RAW DATA

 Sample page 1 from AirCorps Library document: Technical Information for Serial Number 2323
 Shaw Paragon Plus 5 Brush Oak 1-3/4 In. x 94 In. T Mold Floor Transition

* * *

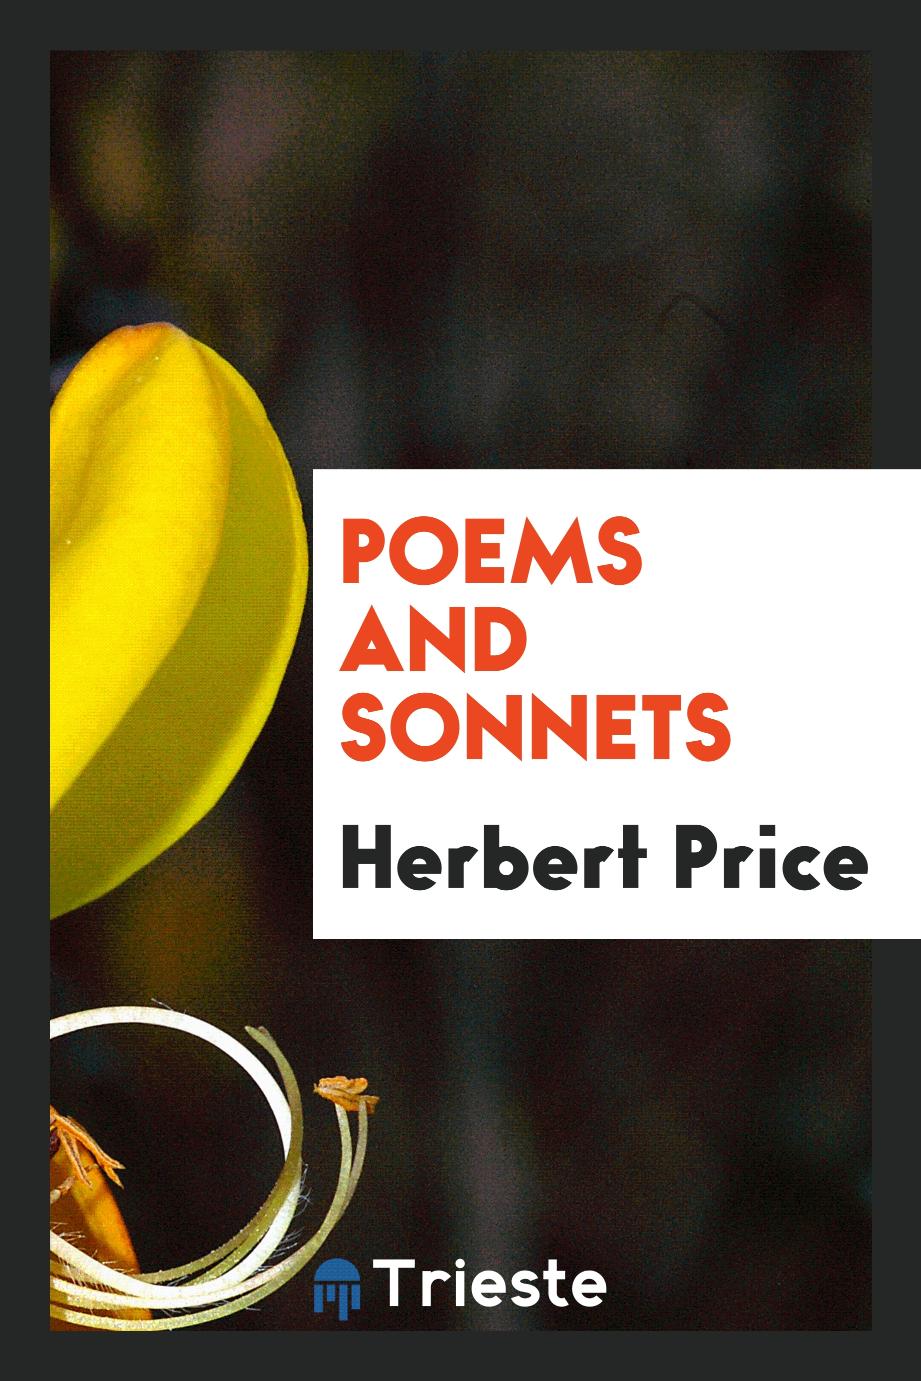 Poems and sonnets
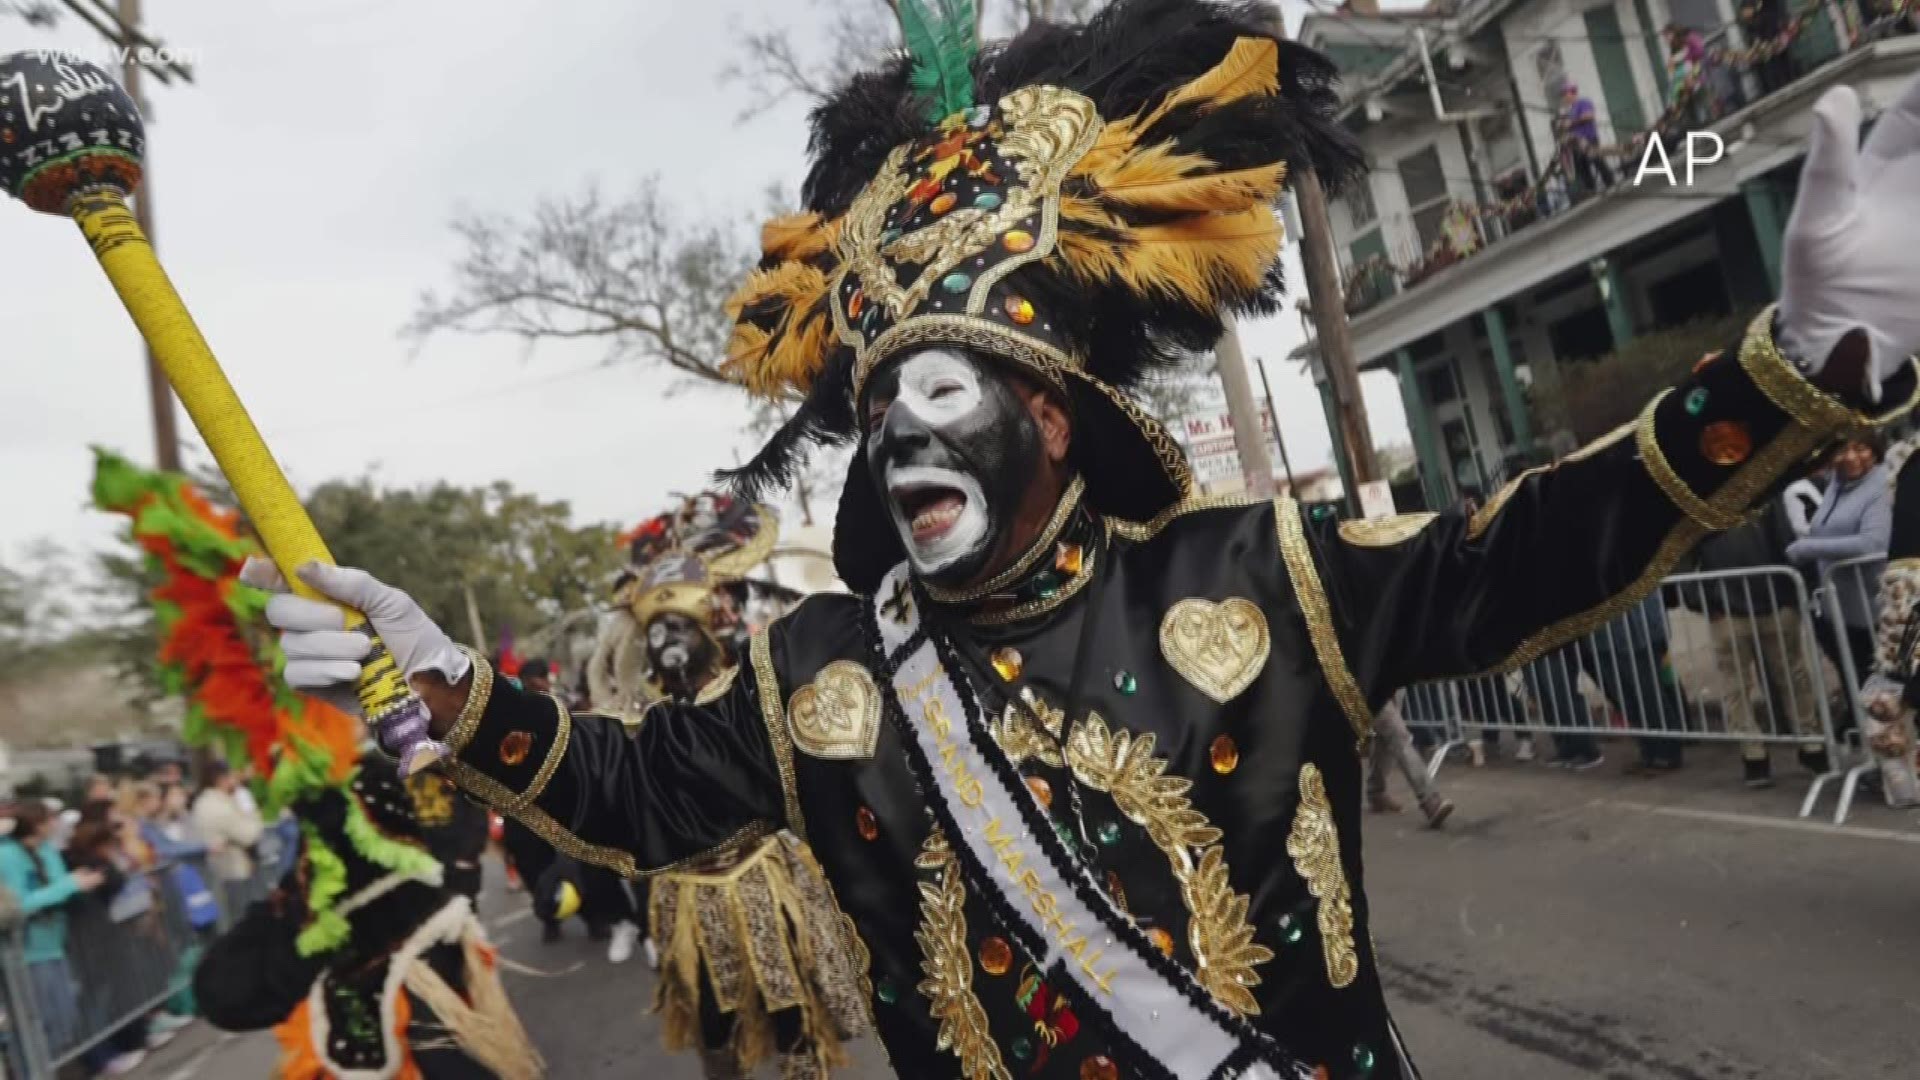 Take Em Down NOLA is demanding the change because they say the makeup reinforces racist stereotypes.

--

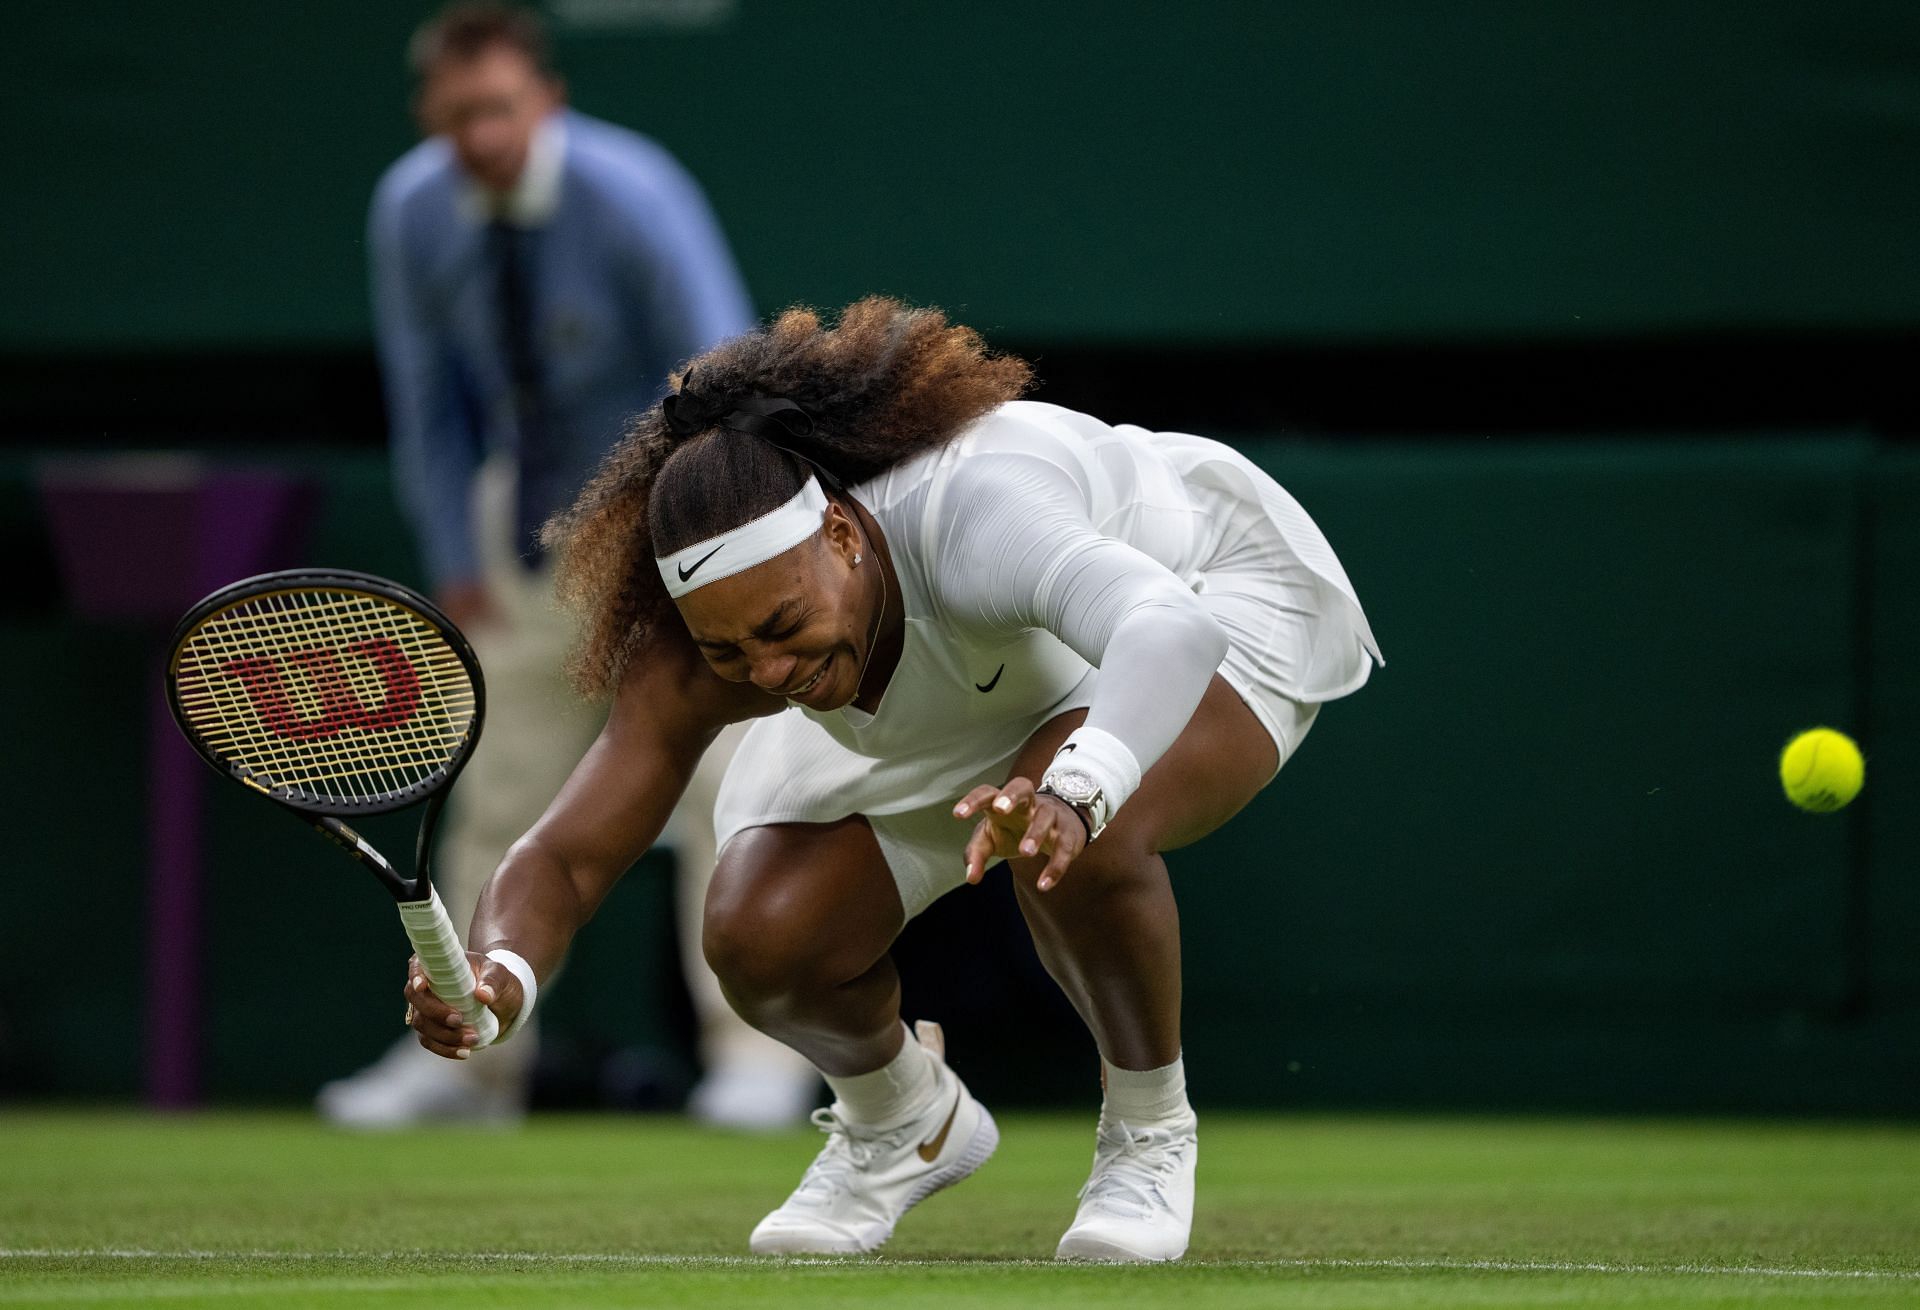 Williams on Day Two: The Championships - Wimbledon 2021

ACTIVITY
All that belongs in your answer is the stretch of entries above from the line with "Sample page 1" through the line with "Shaw Paragon Plus", printed exactly.

RESPONSE AREA
 Sample page 1 from AirCorps Library document: Technical Information for Serial Number 2323
 Shaw Paragon Plus 5 Brush Oak 1-3/4 In. x 94 In. T Mold Floor Transition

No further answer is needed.